Violations of the "no duplicate" primary key rule can be detected using the getDuplicateKeys() method on a HollowPrimaryKeyIndex, which returns a Collection<Object[]>. If no duplicate keys exist, the returned Collection will be empty. If they do, the returned values will indicate the keys for which duplicate records exist.

If a HollowPrimaryKeyIndex will be retained for a long duration, they should be kept updated as deltas are applied to the underlying HollowReadStateEngine. This is accomplished with a single call after instantiation to the listenForDeltaUpdates() method.

Detaching Primary Key Indexes

If listenForDeltaUpdates() is called on a primary key index, then it cannot be garbage collected. If you intend to drop an index which is listening for updates, first call detachFromDeltaUpdates() to prevent a memory leak.

Indexes which are listening for delta updates are updated after a dataset is updated. In the brief interim time between when a dataset is updated and the index is updated, the index will point to the ghost records located at tombstoned ordinals. This helps guarantee that all in-flight operations will observe correct data.

HollowHashIndex¶

It is sometimes desirable to index records by fields other than primary keys. The HollowHashIndex allows for indexing records by fields or combinations of fields for which values may match multiple records, and records may match multiple values.
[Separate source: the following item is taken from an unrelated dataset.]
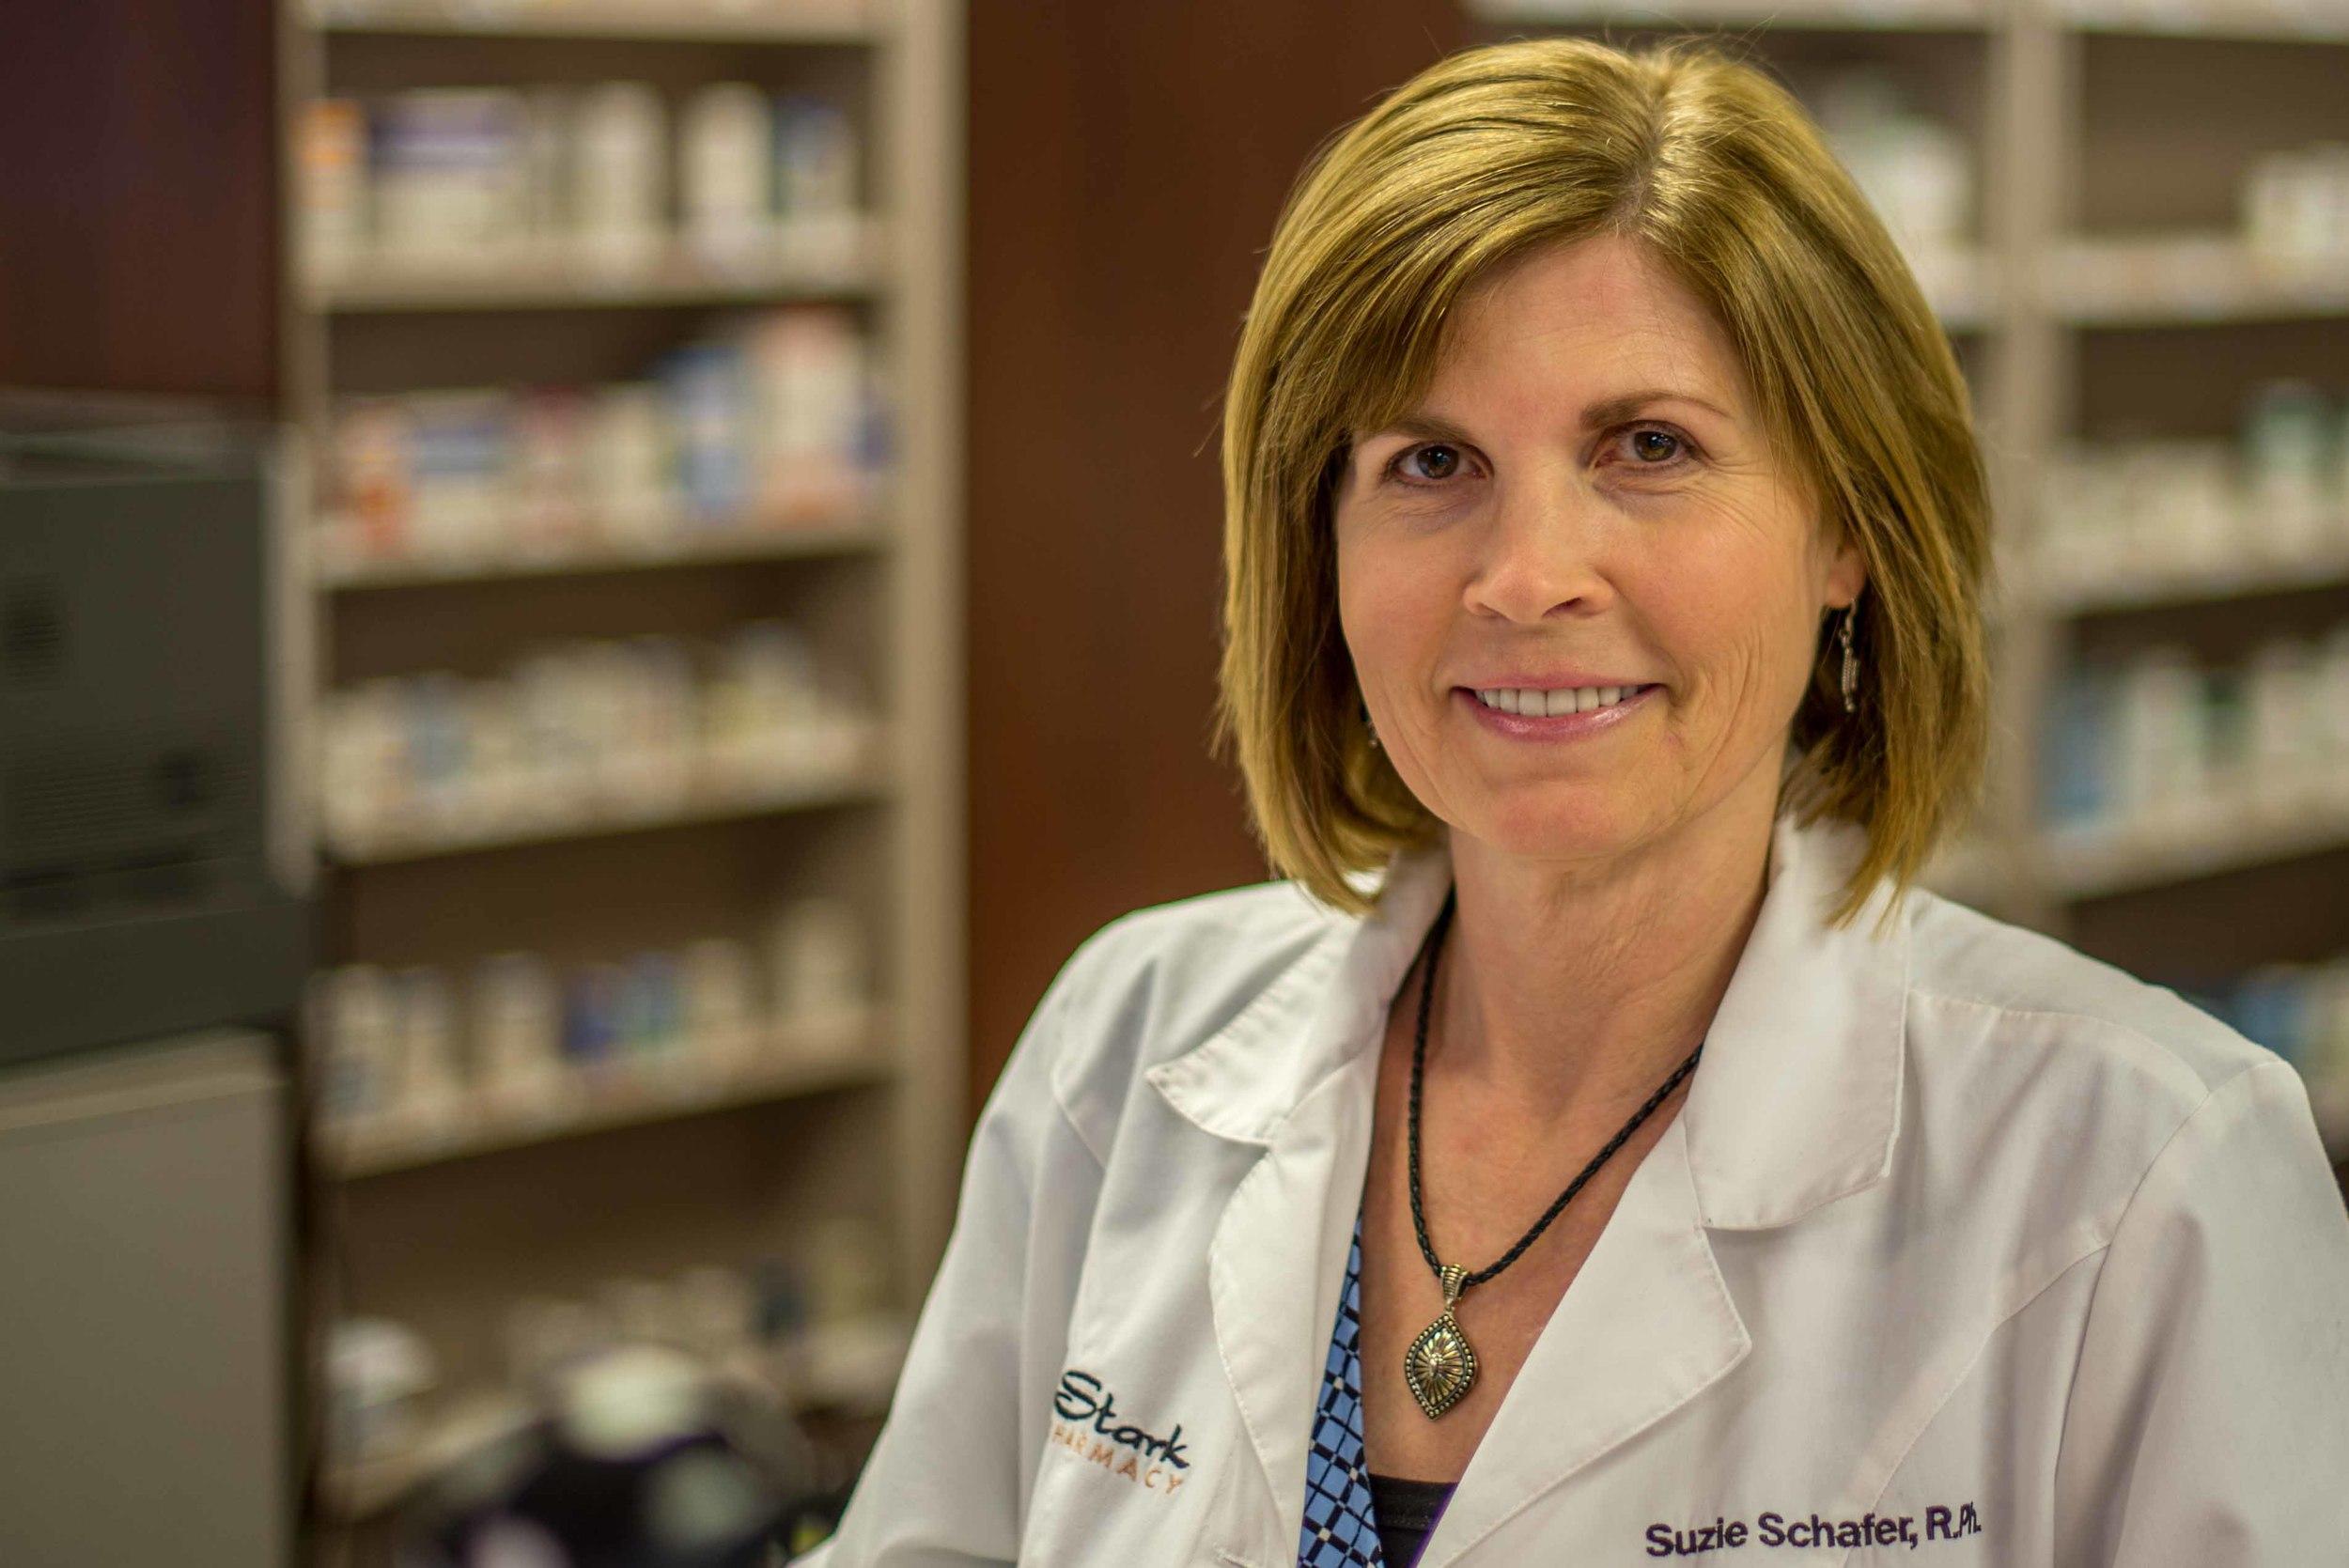 Suzie Schafer  Pharmacist

In our Movie/Actor example, we may want to index movies by their starring actors:

HollowHashIndex idx =
            new HollowHashIndex(readEngine, "Movie", "", "cast.element.actor.actorId");

The HollowHashIndex expects in its constructor arguments a query start type, a select field, and a set of match fields. The constructor arguments above indicate that queries will start with the Movie type, select the root of the query (indicated by the empty string), and match the id of any Actor record in the actors list.

To query this index:

HollowHashIndexResult result = idx.findMatches(102);

if(result != null) {
    System.out.println("Found matches: " + result.numResults());

    HollowOrdinalIterator iter = result.iterator();
    int matchedOrdinal = iter.next();
    while(matchedOrdinal != HollowOrdinalIterator.NO_MORE_ORDINALS) {
        Movie movie = api.getMovie(matchedOrdinal);
        System.out.println("Starred in: " + movie.getTitle().getValue());
        matchedOrdinal = iter.next();
    }
}

Alternatively, if the data model included the nationality of actors, and we needed to index actors by nationality and the titles of movies in which they starred:

HollowHashIndex idx =
            new HollowHashIndex(readEngine, "Movie", "cast.element.actor",
                                            "title.value",
                                            "cast.element.actor.nationality.id.value");

In this case, the query start type is still Movie, but we’re selecting related Actor records. Matches are selected based on the Movie’s title, and the actor’s nationality. Using this index, one can query for Brazilian actors who starred in movies titled “Narcos”:

HollowHashIndexResult result = idx.findMatches("Narcos", "BR");

if(result != null) {
    HollowOrdinalIterator iter = result.iterator();
    int matchedOrdinal = iter.next();
    while(matchedOrdinal != HollowOrdinalIterator.NO_MORE_ORDINALS) {
        Actor actor = api.getMovie(matchedOrdinal);
        System.out.println("Matched actor: " +
                                      actor.getActorName().getValue());
        matchedOrdinal = iter.next();
    }
}

The HollowHashIndex has the same facility and caveats for listening for delta updates as HollowPrimaryKeyIndex (see above section on "Keeping an Index Up To Date"), however unlike primary key index, hash index does a full re-index even on delta updates whereas primary key index has the ability to refresh more efficiently on delta updates. This ability for primary key index is under evaluation and it will be enabled by default at some point in the future.